The invention relates to a surface luminaire with a luminous chamber in the form of a hollow fiberoptic conductor with a peripheral frame, an emission opening and a base plate populated at least partially with light-emitting diodes.
Luminous means referred to as light-emitting diodes or LEDs provide the possibility of producing flat spotlights which emit light homogeneously over the surface and which can be used in relatively large design forms in the form of surface luminaires with the designations “softlight”, “filllight” or reflector lamps in all sectors of professional lighting, as portrait luminaires in the immediate vicinity of a moving picture or video camera, in narrow areas, such as vehicles and stairwells, for example, and for constructing light walls in event and stage lighting.
Surface luminaires with light-emitting diodes as the luminous means have different designs. In a first design, a number of light-emitting diodes are arranged on the base of a luminous chamber in the form of a hollow fiberoptic conductor, which luminous chamber has reflecting walls and a diffusely transmitting cover. The light-emitting diodes radiate into the hemisphere above the base of the luminous chamber, with the light emitted by them being reflected a plurality of times diffusely and emerging from the surface luminaire with a large one-half-peak spread. The light-emitting diodes used here can have different diffusion characteristics such as “Lambertian”, “batwing” or “side-emitting” diffusion characteristics, for example, it being possible to achieve a low physical height of the surface luminaire in particular when using side-emitting light-emitting diodes.
In a further design, light is radiated into a solid fiberoptic conductor, for example an acrylic block, surrounding the light-emitting diodes by a number of light-emitting diodes with a side-emitting characteristic which are arranged on the base of a luminous chamber, whereby the light mixing takes place within the solid fiberoptic conductor.
In another design, a number of light-emitting diodes are arranged on the inner edge of a housing frame, with the result that the light emitted by the light-emitting diodes is emitted towards the inside into a hollow chamber or in particular into a solid fiberoptic conductor.
DE 20 2004 016 637 U1 has disclosed a lighting device with a mount, on which a plurality of light-emitting diodes and control apparatuses are arranged, with which the operating state of the lighting device is adjusted. High-power light-emitting diodes with an optical efficiency of at least 20 lm/W which emit in particular white light and are referred to as “Golden Dragon” light-emitting diodes are used as the light-emitting diodes. Drive electronics with a light sensor which measures the ambient brightness and controls the brightness of the light-emitting diodes are used as the control apparatuses.

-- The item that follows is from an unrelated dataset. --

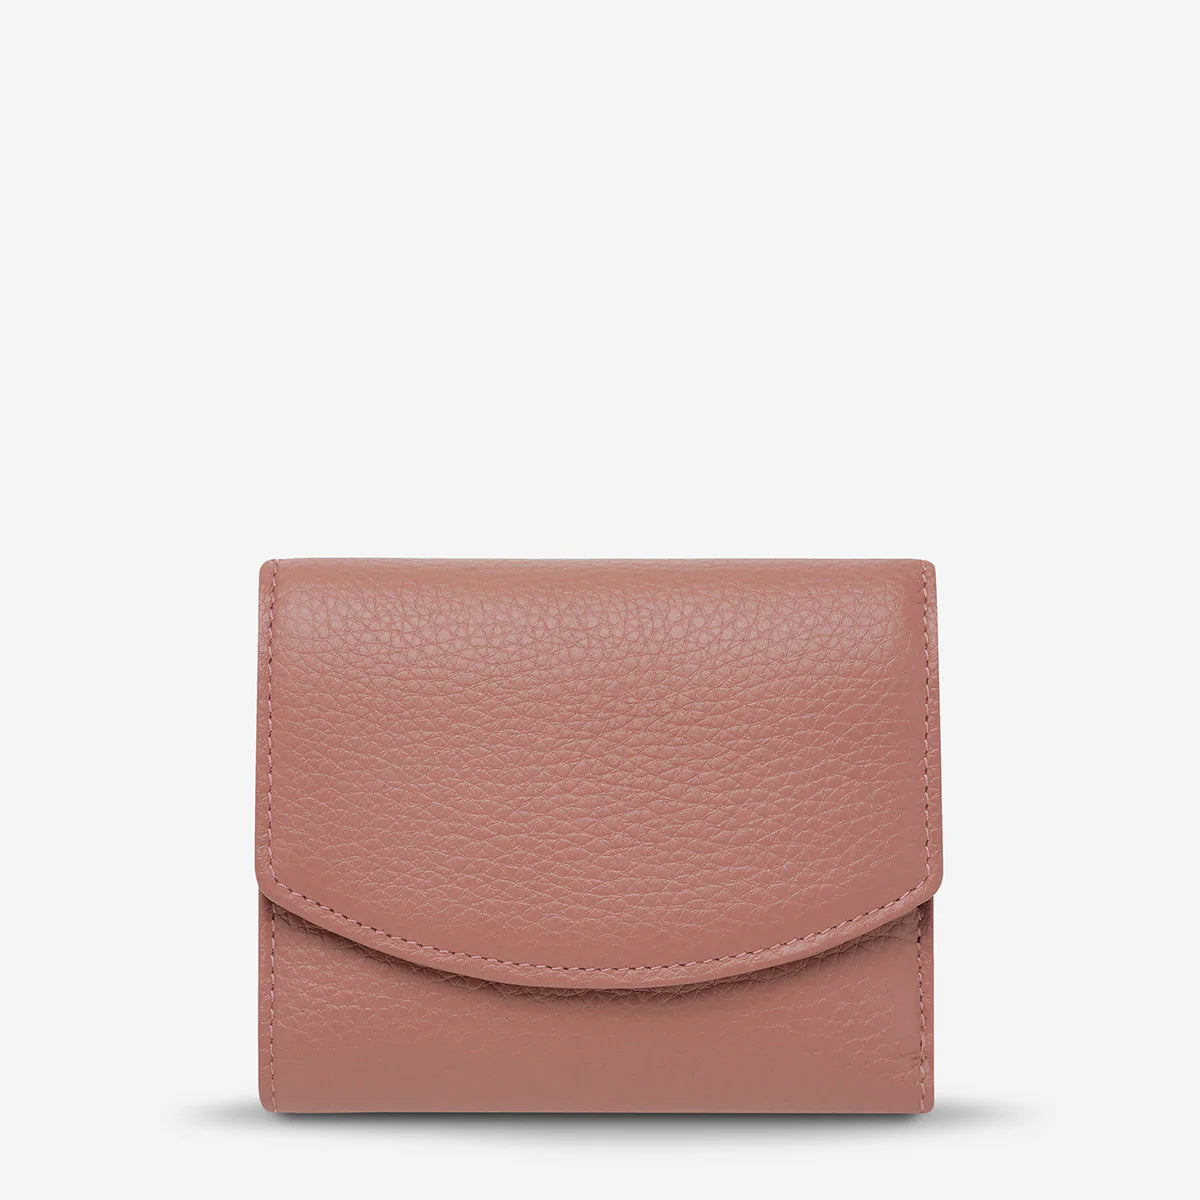 STATUS ANXIETY - Lucky Sometimes Wallet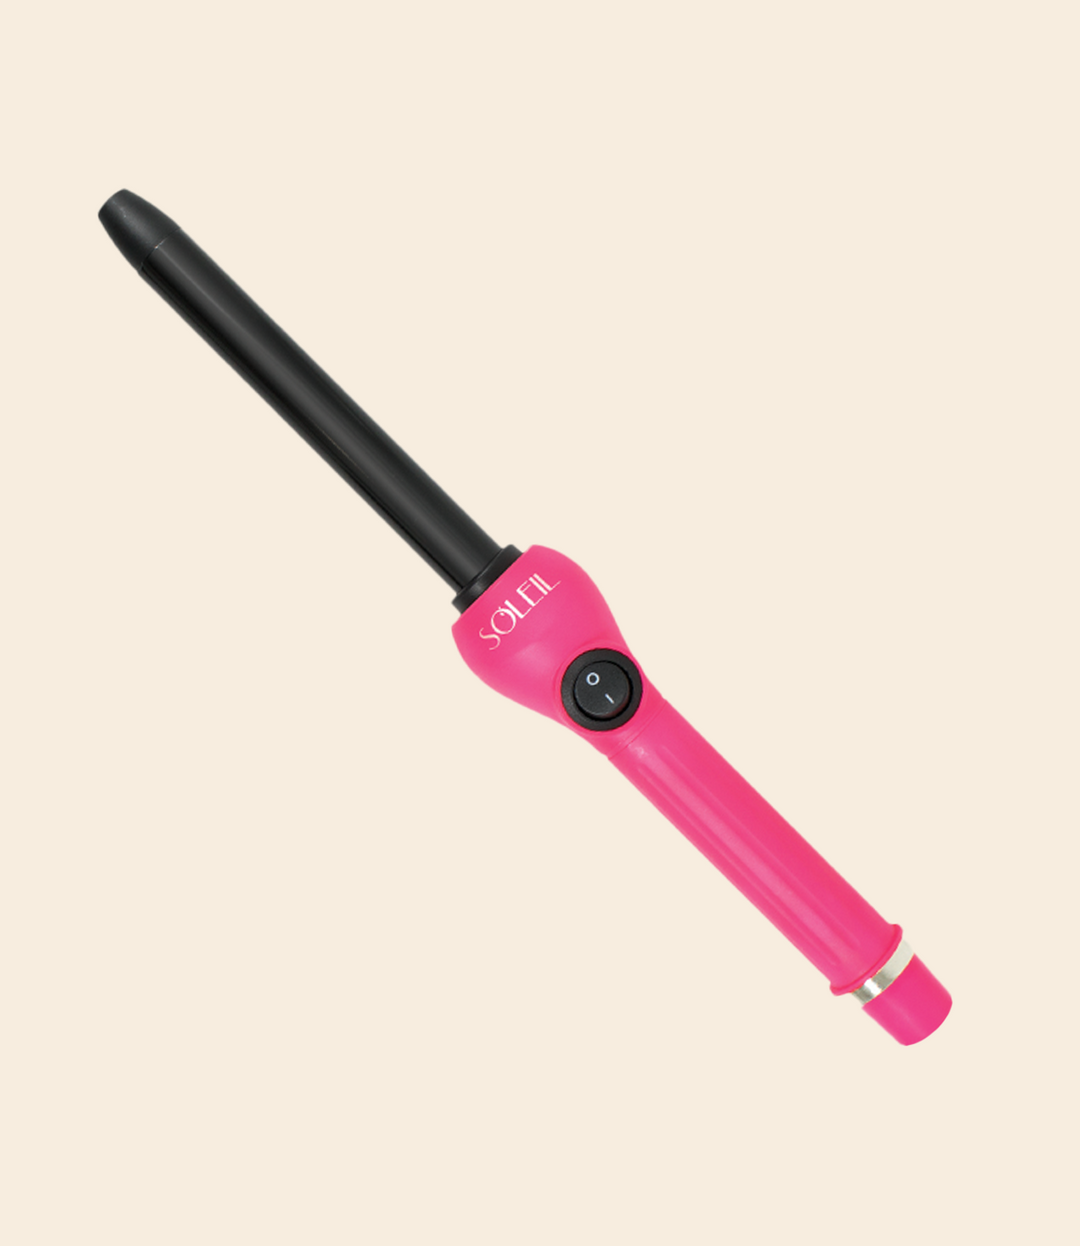 Curling Iron 19mm

The use of such a lighting device in a surface luminaire has the disadvantage that the control apparatuses together with the light-emitting diodes are arranged on the mount and consequently reduce the light-emitting area of the lighting device.
The other designs mentioned above also have the disadvantage that the control electronics required for driving the light-emitting diodes need to be fitted outside the luminous chamber, with the result that the advantage of producing surface luminaires with a small physical height with the aid of light-emitting diodes is restricted by virtue of the fact that the control electronics either need to be arranged beneath the light-emitting diodes in order to keep the area which does not emit light as small as possible or by virtue of the fact that, in order to provide flat designs, the light-emitting diodes need to be arranged in the housing frame, which results in a relatively large, non-illuminating edge of the surface luminaire, however.
A further problem in the production of surface luminaires with a small physical height with at the same time a light-emitting area which is as large as possible consists in the fact that the heat emitted by the light-emitting diodes needs to be dissipated reliably for permanently stable operation. This applies in particular in the case of high-power light-emitting diodes which are embedded in a thermoplastic element containing the emission optical element.